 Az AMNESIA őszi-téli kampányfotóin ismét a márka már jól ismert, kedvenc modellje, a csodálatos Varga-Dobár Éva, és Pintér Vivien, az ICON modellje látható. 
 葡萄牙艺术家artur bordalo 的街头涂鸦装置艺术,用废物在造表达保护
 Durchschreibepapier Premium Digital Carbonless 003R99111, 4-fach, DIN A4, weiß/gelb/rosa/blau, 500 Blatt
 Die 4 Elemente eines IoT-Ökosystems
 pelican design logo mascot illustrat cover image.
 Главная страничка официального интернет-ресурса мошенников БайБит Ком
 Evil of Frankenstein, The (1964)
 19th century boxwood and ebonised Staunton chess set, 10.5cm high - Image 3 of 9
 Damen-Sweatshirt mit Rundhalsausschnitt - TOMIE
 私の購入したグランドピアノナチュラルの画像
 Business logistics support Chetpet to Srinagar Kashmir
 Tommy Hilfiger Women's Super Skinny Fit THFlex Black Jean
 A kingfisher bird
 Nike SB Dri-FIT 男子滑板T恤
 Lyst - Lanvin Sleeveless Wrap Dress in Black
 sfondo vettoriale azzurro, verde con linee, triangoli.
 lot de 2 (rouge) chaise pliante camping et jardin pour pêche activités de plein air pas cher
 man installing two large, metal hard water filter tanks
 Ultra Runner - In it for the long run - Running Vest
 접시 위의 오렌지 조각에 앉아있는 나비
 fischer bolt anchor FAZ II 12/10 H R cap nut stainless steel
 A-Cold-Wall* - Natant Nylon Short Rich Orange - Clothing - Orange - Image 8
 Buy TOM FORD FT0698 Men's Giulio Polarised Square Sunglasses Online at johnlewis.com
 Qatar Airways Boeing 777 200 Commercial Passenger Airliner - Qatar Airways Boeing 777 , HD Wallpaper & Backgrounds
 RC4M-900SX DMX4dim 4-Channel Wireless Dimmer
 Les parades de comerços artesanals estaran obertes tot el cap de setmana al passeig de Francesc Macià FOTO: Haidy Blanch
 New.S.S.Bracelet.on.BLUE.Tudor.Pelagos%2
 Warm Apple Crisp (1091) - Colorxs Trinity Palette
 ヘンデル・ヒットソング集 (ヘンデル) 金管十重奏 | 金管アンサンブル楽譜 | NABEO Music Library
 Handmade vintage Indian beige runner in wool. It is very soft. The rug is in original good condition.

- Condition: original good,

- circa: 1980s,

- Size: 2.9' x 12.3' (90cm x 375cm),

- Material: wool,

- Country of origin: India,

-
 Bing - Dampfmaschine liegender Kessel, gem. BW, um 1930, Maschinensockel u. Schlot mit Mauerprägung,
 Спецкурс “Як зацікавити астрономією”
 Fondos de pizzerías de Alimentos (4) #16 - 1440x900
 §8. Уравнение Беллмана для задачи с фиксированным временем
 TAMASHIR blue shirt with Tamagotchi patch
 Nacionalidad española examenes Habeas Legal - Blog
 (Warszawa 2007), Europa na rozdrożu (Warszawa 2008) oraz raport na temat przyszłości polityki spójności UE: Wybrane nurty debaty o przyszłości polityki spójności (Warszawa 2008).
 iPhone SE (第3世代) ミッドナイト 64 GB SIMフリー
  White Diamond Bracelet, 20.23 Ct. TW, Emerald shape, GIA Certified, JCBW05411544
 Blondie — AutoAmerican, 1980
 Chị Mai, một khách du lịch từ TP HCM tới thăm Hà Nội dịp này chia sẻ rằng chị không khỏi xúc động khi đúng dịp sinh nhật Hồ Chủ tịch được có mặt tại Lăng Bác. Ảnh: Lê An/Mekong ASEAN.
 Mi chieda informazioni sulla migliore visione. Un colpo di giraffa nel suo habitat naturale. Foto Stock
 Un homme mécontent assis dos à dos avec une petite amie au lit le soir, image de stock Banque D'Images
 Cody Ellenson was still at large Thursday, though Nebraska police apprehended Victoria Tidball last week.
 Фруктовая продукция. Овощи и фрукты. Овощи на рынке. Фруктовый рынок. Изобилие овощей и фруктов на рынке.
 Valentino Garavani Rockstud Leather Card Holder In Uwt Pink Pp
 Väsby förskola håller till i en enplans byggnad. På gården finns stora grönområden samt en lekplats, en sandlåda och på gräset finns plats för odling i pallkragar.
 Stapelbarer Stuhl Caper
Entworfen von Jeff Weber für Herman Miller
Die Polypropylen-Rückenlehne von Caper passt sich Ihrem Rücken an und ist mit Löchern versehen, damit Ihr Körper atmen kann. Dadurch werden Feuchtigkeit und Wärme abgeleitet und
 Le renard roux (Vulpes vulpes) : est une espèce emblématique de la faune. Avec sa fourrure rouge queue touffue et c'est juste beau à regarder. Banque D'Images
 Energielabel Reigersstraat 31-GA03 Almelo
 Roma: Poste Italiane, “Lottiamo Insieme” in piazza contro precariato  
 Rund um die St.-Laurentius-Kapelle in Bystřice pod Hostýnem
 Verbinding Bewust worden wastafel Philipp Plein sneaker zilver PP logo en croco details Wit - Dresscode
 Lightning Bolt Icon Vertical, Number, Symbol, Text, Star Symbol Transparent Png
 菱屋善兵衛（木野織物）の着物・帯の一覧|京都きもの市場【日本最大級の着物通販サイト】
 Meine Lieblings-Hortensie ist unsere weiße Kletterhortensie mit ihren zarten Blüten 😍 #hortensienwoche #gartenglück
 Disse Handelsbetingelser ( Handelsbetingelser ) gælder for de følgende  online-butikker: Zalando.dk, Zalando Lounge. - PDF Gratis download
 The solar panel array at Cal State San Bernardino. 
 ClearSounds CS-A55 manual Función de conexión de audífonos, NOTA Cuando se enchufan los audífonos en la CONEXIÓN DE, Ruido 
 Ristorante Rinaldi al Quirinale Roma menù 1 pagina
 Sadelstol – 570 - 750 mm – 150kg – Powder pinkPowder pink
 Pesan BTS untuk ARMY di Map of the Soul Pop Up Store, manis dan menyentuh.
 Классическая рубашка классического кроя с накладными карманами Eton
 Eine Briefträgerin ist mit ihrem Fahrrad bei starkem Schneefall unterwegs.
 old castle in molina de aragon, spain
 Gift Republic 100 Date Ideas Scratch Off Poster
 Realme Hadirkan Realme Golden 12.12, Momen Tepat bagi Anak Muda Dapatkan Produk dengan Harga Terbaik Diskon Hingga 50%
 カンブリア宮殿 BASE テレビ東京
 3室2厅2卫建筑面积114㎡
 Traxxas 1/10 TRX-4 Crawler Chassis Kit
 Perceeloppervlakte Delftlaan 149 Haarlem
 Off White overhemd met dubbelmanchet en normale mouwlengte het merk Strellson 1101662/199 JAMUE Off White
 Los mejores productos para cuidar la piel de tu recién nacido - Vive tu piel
*****
> _Task to carry out_
Which lines of the data contain "logo"? Copy them all.

> _Output_
 pelican design logo mascot illustrat cover image.
 Verbinding Bewust worden wastafel Philipp Plein sneaker zilver PP logo en croco details Wit - Dresscode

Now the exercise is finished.